Compelling evidence indicates that M. caprae poses a serious health risk not only for goats, but also for other domestic and wild animal species and humans. Our results indicate that M. caprae infection is widespread in Spain and that the epidemiology is driven by caprine infections. Considering the role of M. caprae in animal tuberculosis, relevant legislation should be considered to address the infection as was done for M. bovis.

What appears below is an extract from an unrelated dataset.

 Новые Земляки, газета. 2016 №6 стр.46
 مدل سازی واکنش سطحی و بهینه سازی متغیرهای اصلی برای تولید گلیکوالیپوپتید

Ms Rodríguez is a PhD candidate in the Departamento de Sandidad Animal, Facultad de Veterinaria, Universidad Complutense de Madrid and received predoctoral research fellowship AP2006-01630 from the Spanish Ministry of Education. Her research focuses on molecular characterization of M. tuberculosis complex isolates and its application in epidemiology of these pathogens.
Acknowledgments
We thank the National and Regional Animal Health authorities, especially L. Carbajo, for their continuous encouragement. We are grateful to T. Alende, A. Gutiérrez, C. Viñolo, L. Guijarro, J. Gimeno, N. Álvarez, N. Montero, C. Lozano, L. Pazos and S. González for technical help. We acknowledge the staff of SADNA (Centro de Investigaciones Biológicas, Madrid) for sequencing.
This research was supported by European Union project TB-STEP (KBBE-2007-1-3-04, no. 212414), the Ministry of Environment and Rural and Marine Affairs, the Comunidad de Madrid, and the Junta de Castilla y León.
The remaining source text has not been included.